What is new in PaddleOCR 3.5?

PaddleOCR 3.5 includes a browser inference SDK called PaddleOCR.js, one-click conversion of Word, Excel, and PPT documents into Markdown, a Transformers backend for access to 20 primary models via Hugging Face, and the ability to export parsing results in DOCX format.

What is PaddleOCR.js?

PaddleOCR.js is a browser inference SDK included in PaddleOCR 3.5, which enables direct execution of PP-OCRv5 in browsers with support for WebGPU and Wasm acceleration.

What does the one-click conversion feature do?

The one-click conversion feature simplifies the process of converting complex document formats like Word, Excel, and PPT into a more structured and machine-readable format (Markdown).

What is the Transformers backend in PaddleOCR 3.5?

The Transformers backend in PaddleOCR 3.5 allows access to 20 primary models via Hugging Face, providing developers with flexibility in choosing the inference engine that best fits their needs.

Baidu's PaddleOCR 3.5: New Features Bring OCR Tool Closer to Hugging Face Ecosystem

Q: What industries might benefit from PaddleOCR 3.5?

PaddleOCR 3.5 is particularly relevant for applications that require document parsing and analysis, such as RAG, Document AI, search, analytics, or agent applications.

PaddleOCR 3.5 introduces a browser inference SDK, one-click document conversion, Transformers backend, and DOCX export. This integration with Hugging Face enhances document parsing and analysis capabilities.

PaddleOCR 3.5 has been released by Baidu's PaddlePaddle open-source OCR tool, introducing four major new features that bring its capabilities closer to the Hugging Face ecosystem.

What Happened

The latest version of PaddleOCR includes a browser inference SDK called PaddleOCR.js, which enables direct execution of PP-OCRv5 in browsers with support for WebGPU and Wasm acceleration. This means that data never leaves the browser, ensuring better security and compliance.

Another significant feature is one-click conversion of Word, Excel, and PPT documents into Markdown. This simplifies the process of converting complex document formats into a more structured and machine-readable format.
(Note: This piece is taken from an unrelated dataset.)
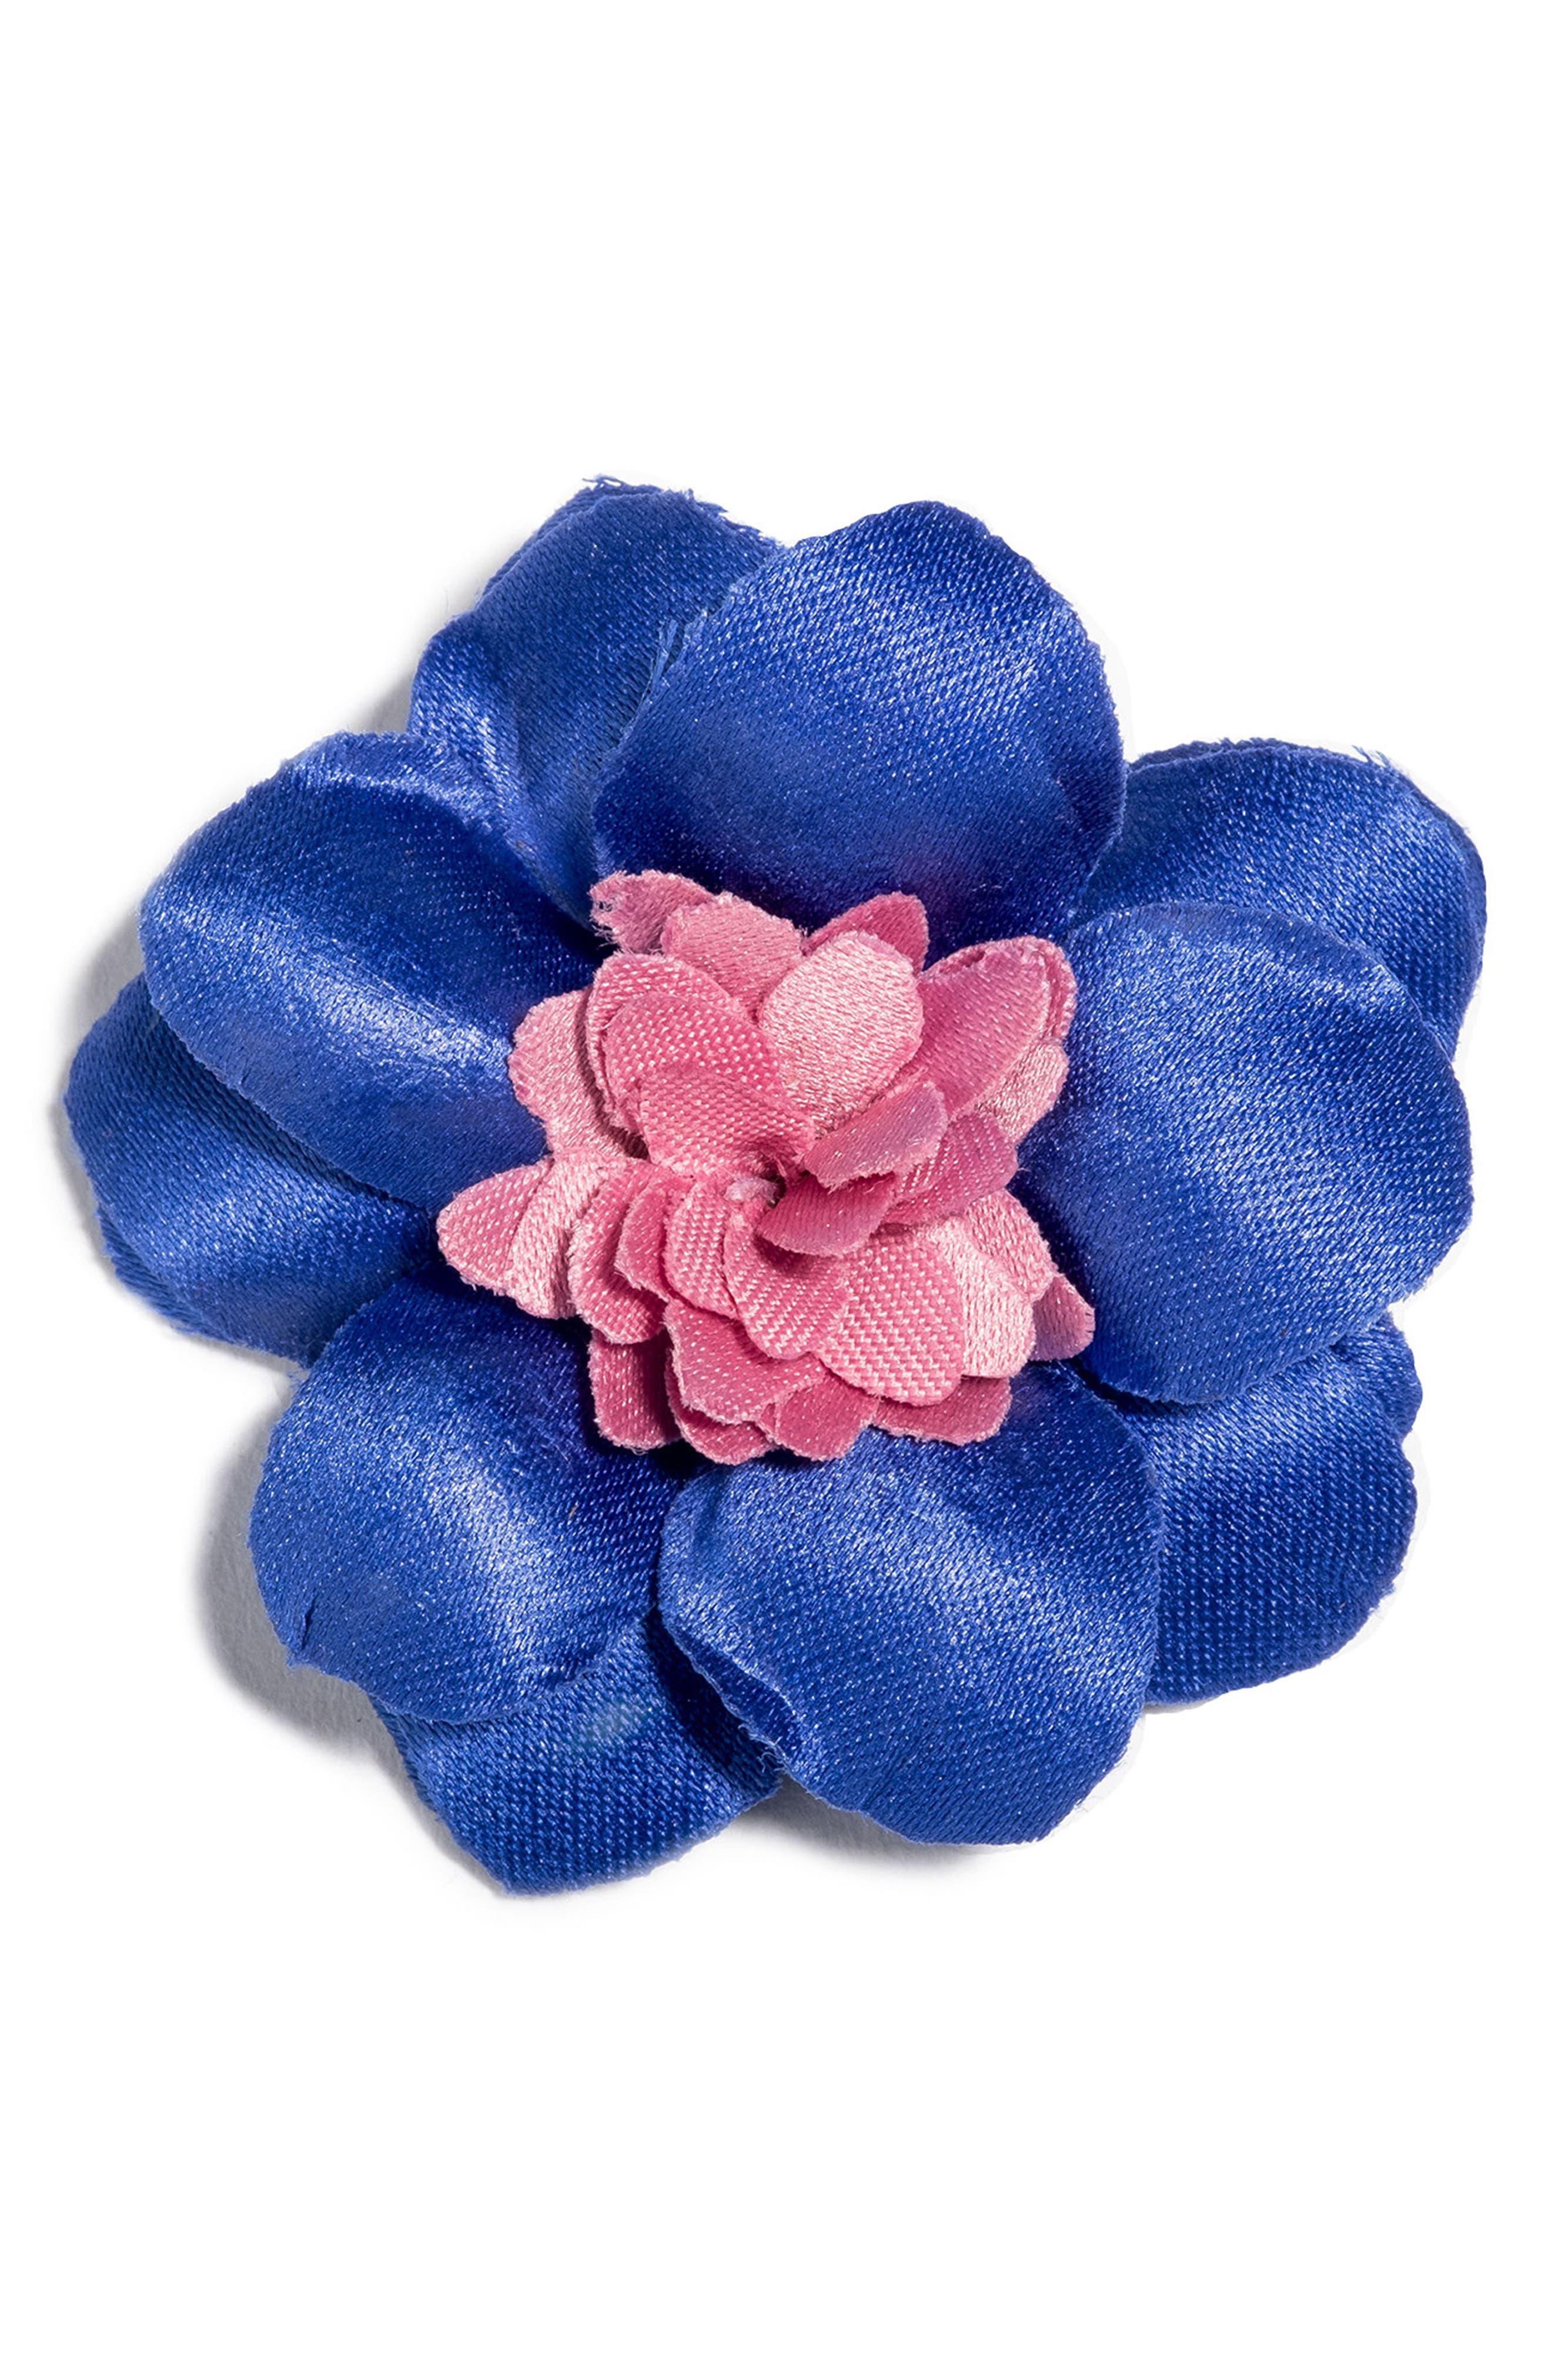 Henry Satin Lapel Flower,                             Main thumbnail 1, color,                             Blue

PaddleOCR 3.5 also introduces a Transformers backend, allowing access to 20 primary models via Hugging Face. This provides developers with flexibility in choosing the inference engine that best fits their needs. Additionally, parsing results from the PaddleOCR-VL series, PP-StructureV3, and PP-DocTranslation can now be exported in DOCX format.

Background and Context

PaddleOCR is a powerful, lightweight OCR toolkit that bridges the gap between images/PDFs and Large Language Models (LLMs). It supports over 100 languages and has gained significant traction in the industry, with top-tier projects like Dify, RAGFlow, and Cherry Studio relying on it.

The PaddlePaddle team has been actively contributing to the development of PaddleOCR, with a focus on improving its accuracy, efficiency, and flexibility. The latest release is a testament to their efforts in making PaddleOCR an even more robust and versatile tool for developers.

Why it Matters

The integration of PaddleOCR 3.5 with the Hugging Face ecosystem has significant implications for the industry. With this release, developers can now leverage PaddleOCR's OCR capabilities in conjunction with Transformers-based models, creating a more seamless and efficient workflow.

This is particularly relevant for applications that require document parsing and analysis, such as RAG, Document AI, search, analytics, or agent applications. By providing a more natural path from documents to downstream workflows, PaddleOCR 3.5 enables developers to build more sophisticated and accurate models.

What Comes Next

The release of PaddleOCR 3.5 marks an important milestone in the development of PaddlePaddle's OCR toolkit. As the industry continues to evolve, it will be interesting to see how PaddleOCR adapts to emerging trends and technologies.

With its focus on flexibility, efficiency, and accuracy, PaddleOCR is well-positioned to remain a leading player in the OCR market. As developers continue to explore new applications for PaddleOCR 3.5, it will be exciting to see the innovative solutions that emerge from this powerful tool.

Key Facts

PaddleOCR 3.5 introduces a browser inference SDK called PaddleOCR.js, enabling direct execution of PP-OCRv5 in browsers with support for WebGPU and Wasm acceleration.
The latest version includes one-click conversion of Word, Excel, and PPT documents into Markdown.
PaddleOCR 3.5 integrates a Transformers backend, allowing access to 20 primary models via Hugging Face.
Developers can now export parsing results from the PaddleOCR-VL series, PP-StructureV3, and PP-DocTranslation in DOCX format.
PaddleOCR supports over 100 languages and has gained significant traction in the industry, with top-tier projects like Dify, RAGFlow, and Cherry Studio relying on it.